One thing I've learned over the years is how many different types of intelligence there are. My first husband, for example, was born with homing pigeon instincts. He could find a place he'd only been to once twenty-five years ago.

Neither my second husband, Olof, nor I possess this skill. We are both directionally disabled. As my younger son, Henry, used to lament as we ferried him around to soccer games all over the county, "if there's a 50% chance of turning in the right direction, you guys will get it wrong 90% of the time."   Sadly, he was correct.

Back when I was applying to colleges, a personal interview was required for the most competitive colleges. For reasons not clear to me now, my parents allowed me, a 16-year-old, to make the four-hour drive from Pleasantville, New York, to Providence, Rhode Island for my interview at Brown.
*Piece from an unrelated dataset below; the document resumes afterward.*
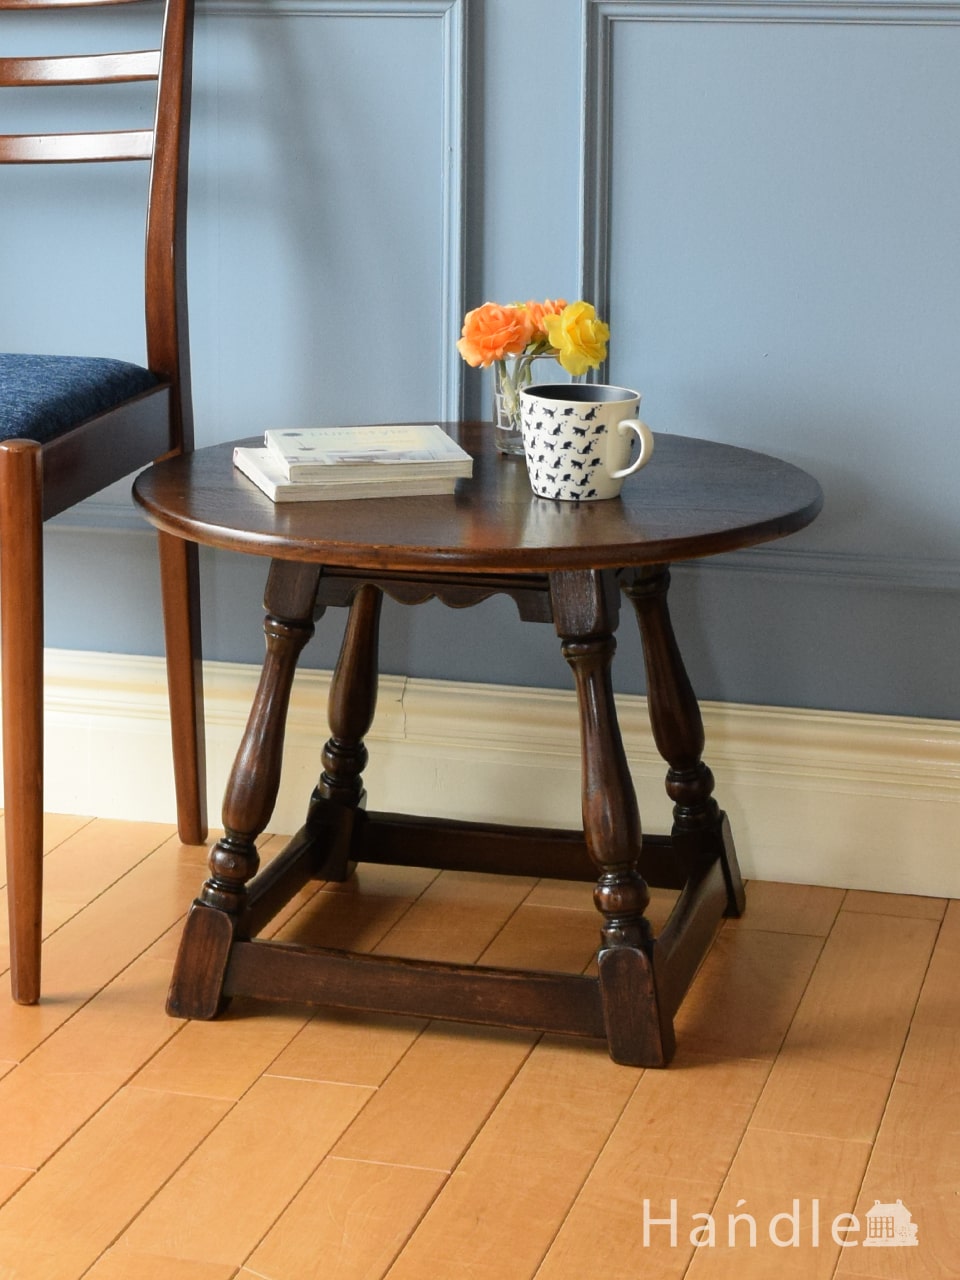 イギリスから届いた丸形のおしゃれなテーブル、気軽に使えるオーク材のコーヒーテーブル (m-1061-f)

Afterwards, I would spend the weekend visiting my grandparents in the area.

The only directional support at the time was a road map. Off I went, allowing plenty of time. I listened to the radio and sang along.

After I'd been driving for a while, I kept thinking I ought to be there by now so I pulled into a gas station in Seekonk, Massachusetts and explained to the nice guy at the pump that I was trying to get to Brown University in Providence and I seemed to be lost.

He inquired what direction I had come from. "The I-95 from New York,"  I replied.

"Sweetheart,"  he exclaimed, "you drove all the way through the state of Rhode Island and right through downtown Providence!"

He got me turned around and I did find Providence, and Brown, but I was two hours late for my interview. I regaled the admissions director with my hilarious story about not being able to find Rhode Island.

Brown rejected me. My grandmother, a substantial contributor, never gave them another dime. I was so relieved.

Had I subconsciously sabotaged my interview? Maybe. My directional disabilities probably didn't help. Or then, maybe they did. I ended up at the school I had really wanted to go to. 

Still, my granddaughter is convinced they have records of this somewhere and that her own application will be doomed. That somewhere in their computer even after all these years, it will say, "grandmother couldn't find Rhode Island."